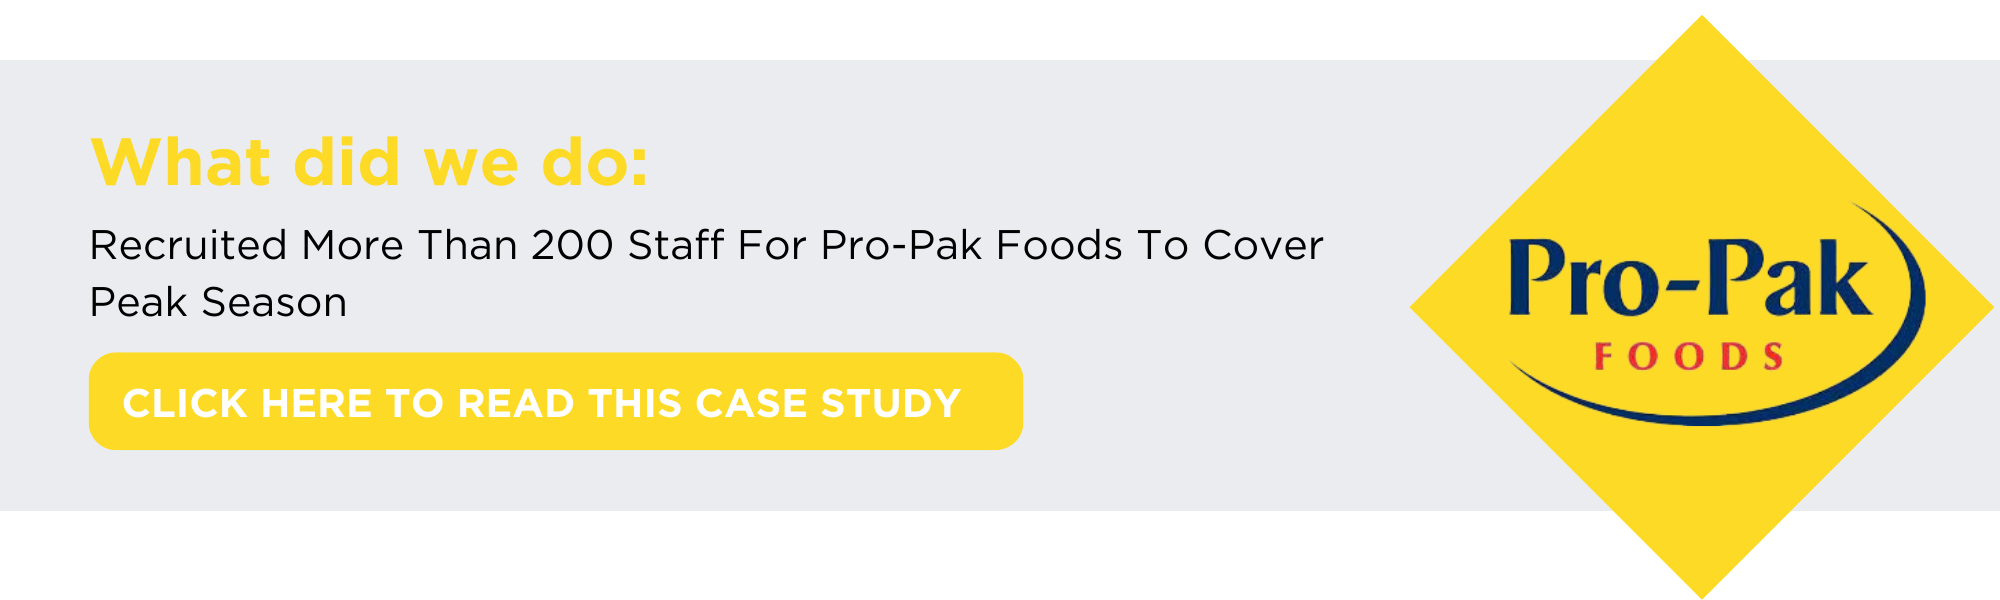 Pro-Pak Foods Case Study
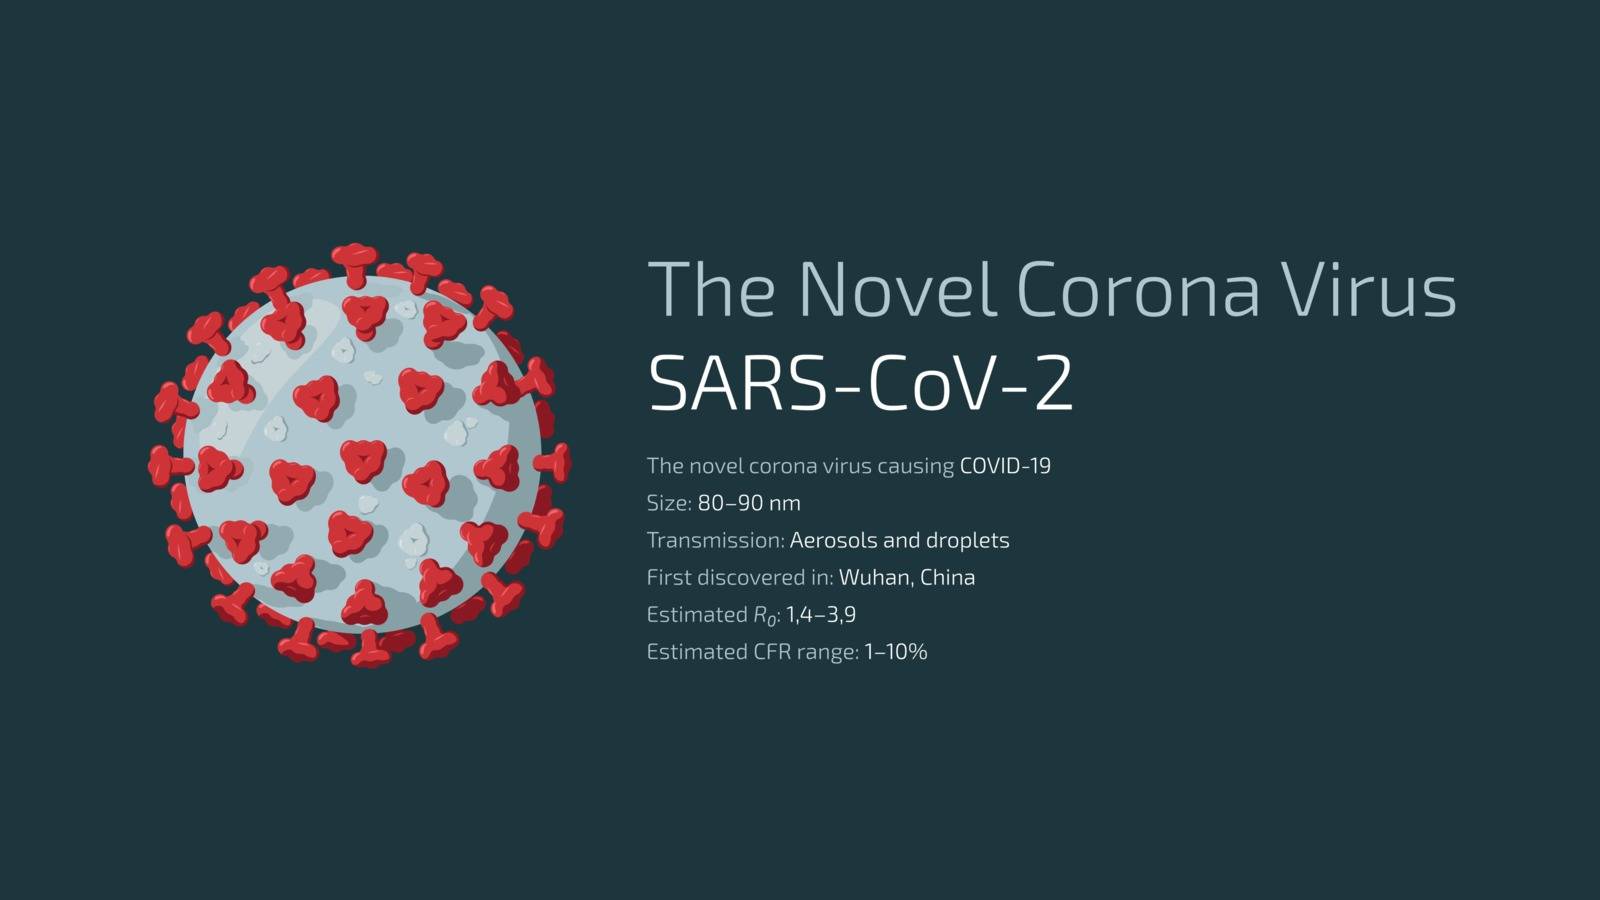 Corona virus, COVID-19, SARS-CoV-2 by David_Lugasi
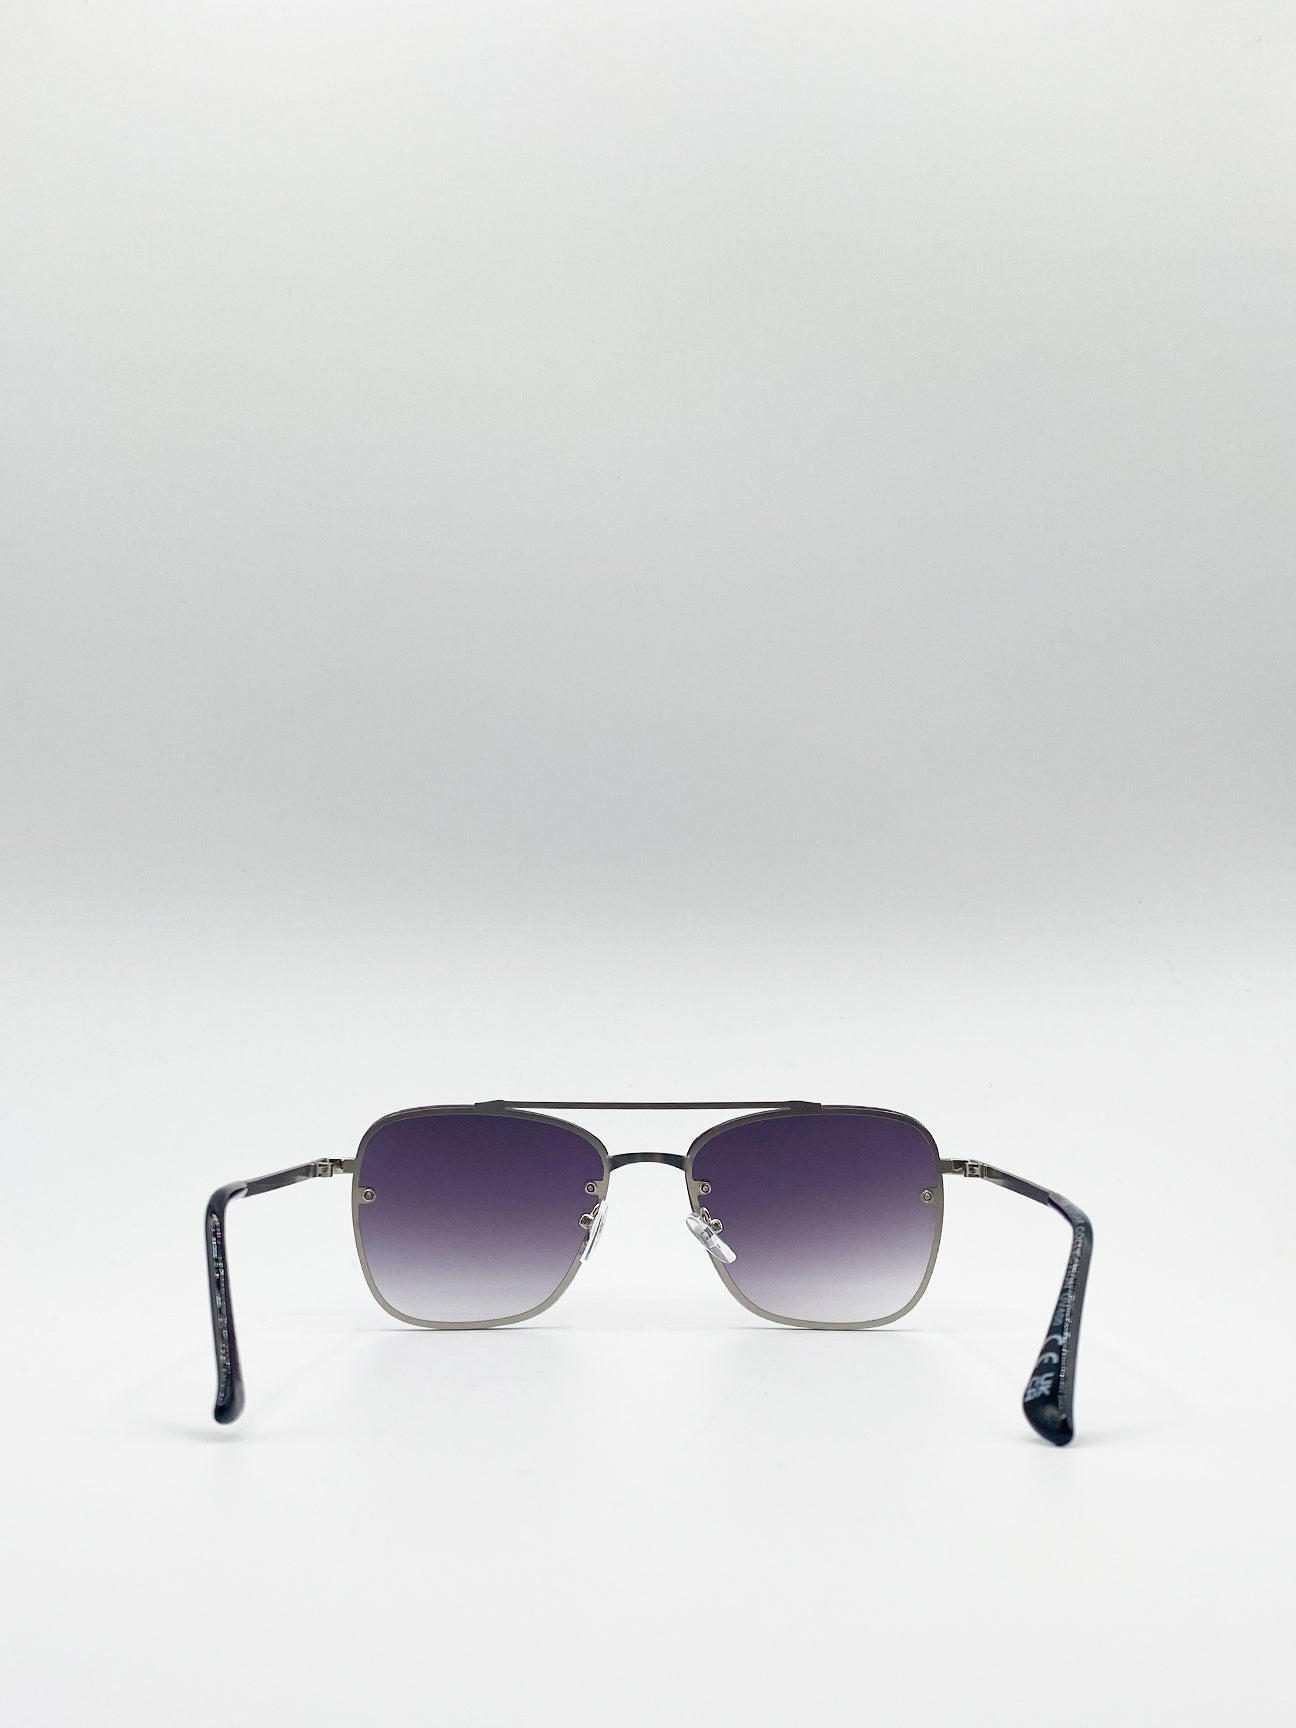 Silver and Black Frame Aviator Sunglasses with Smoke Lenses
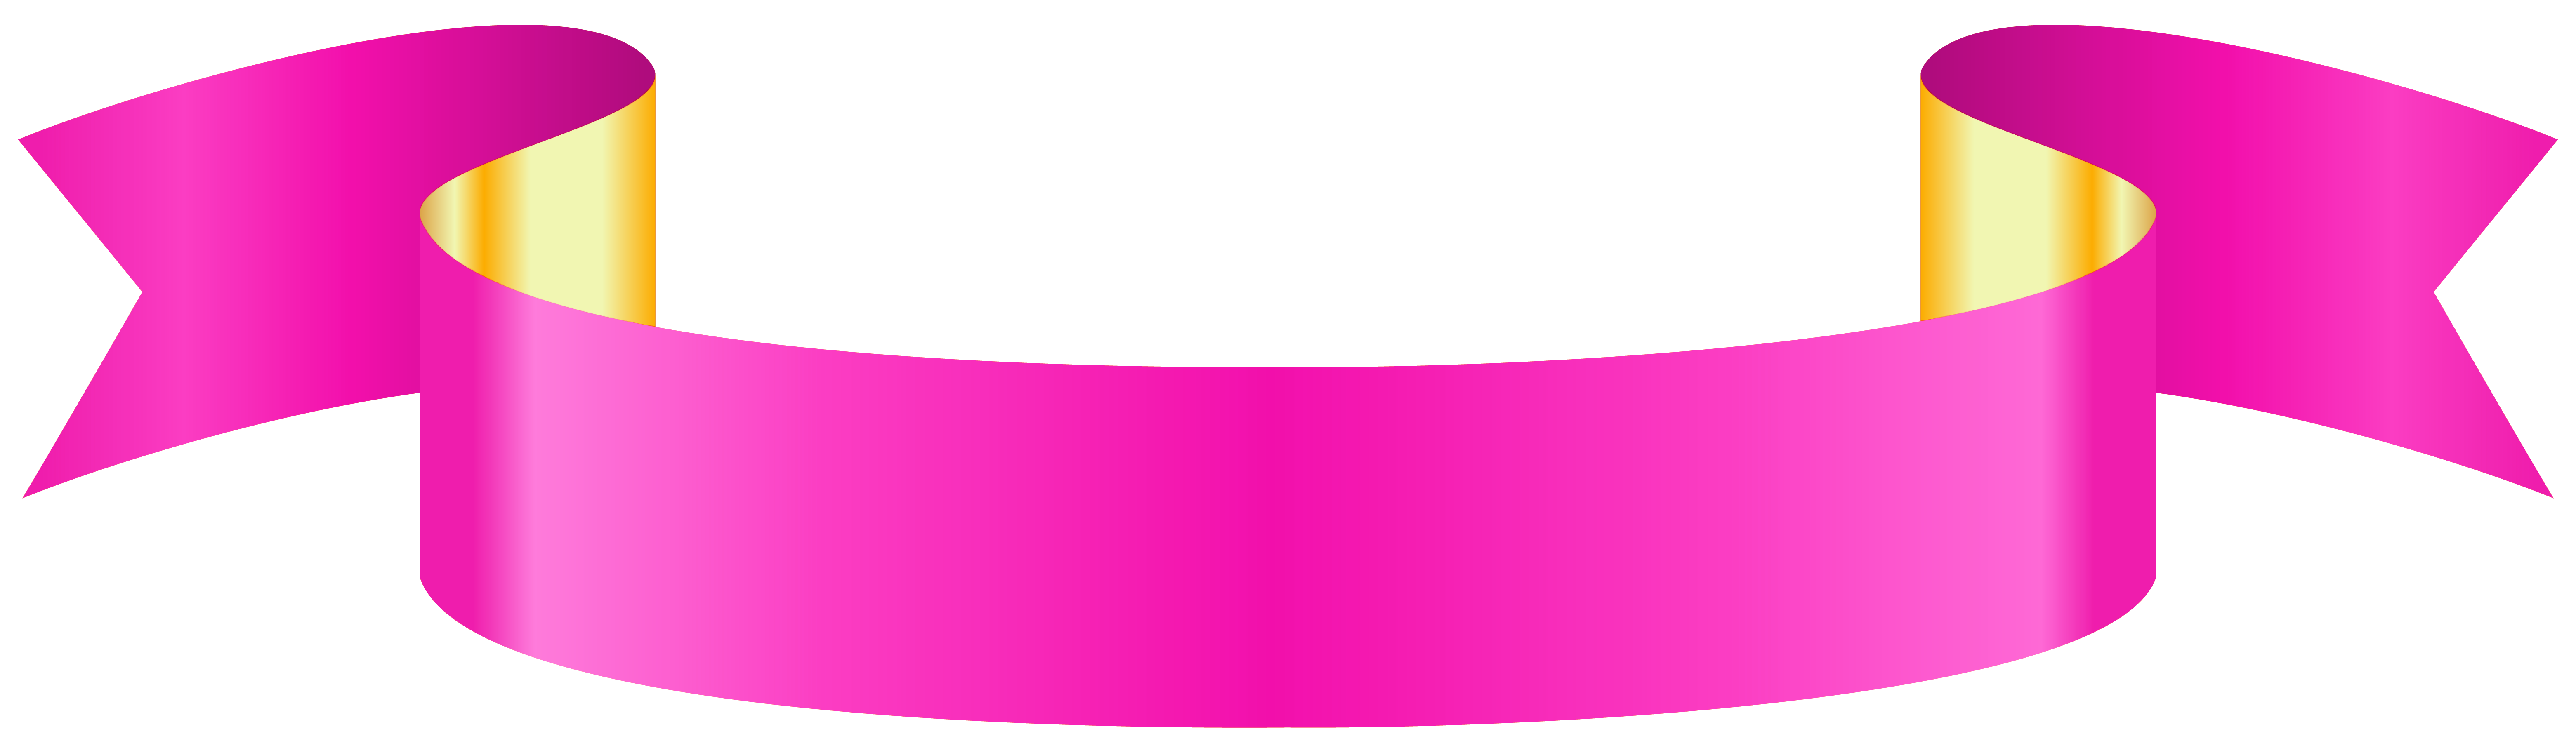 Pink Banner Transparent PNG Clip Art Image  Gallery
····················
What you should do:
Repeat word for word only the lines from the line holding "Silver and Black" to the final line of the material, both included. Don't carry over any picture.

Solution to this problem:
 Silver and Black Frame Aviator Sunglasses with Smoke Lenses
 Pink Banner Transparent PNG Clip Art Image  Gallery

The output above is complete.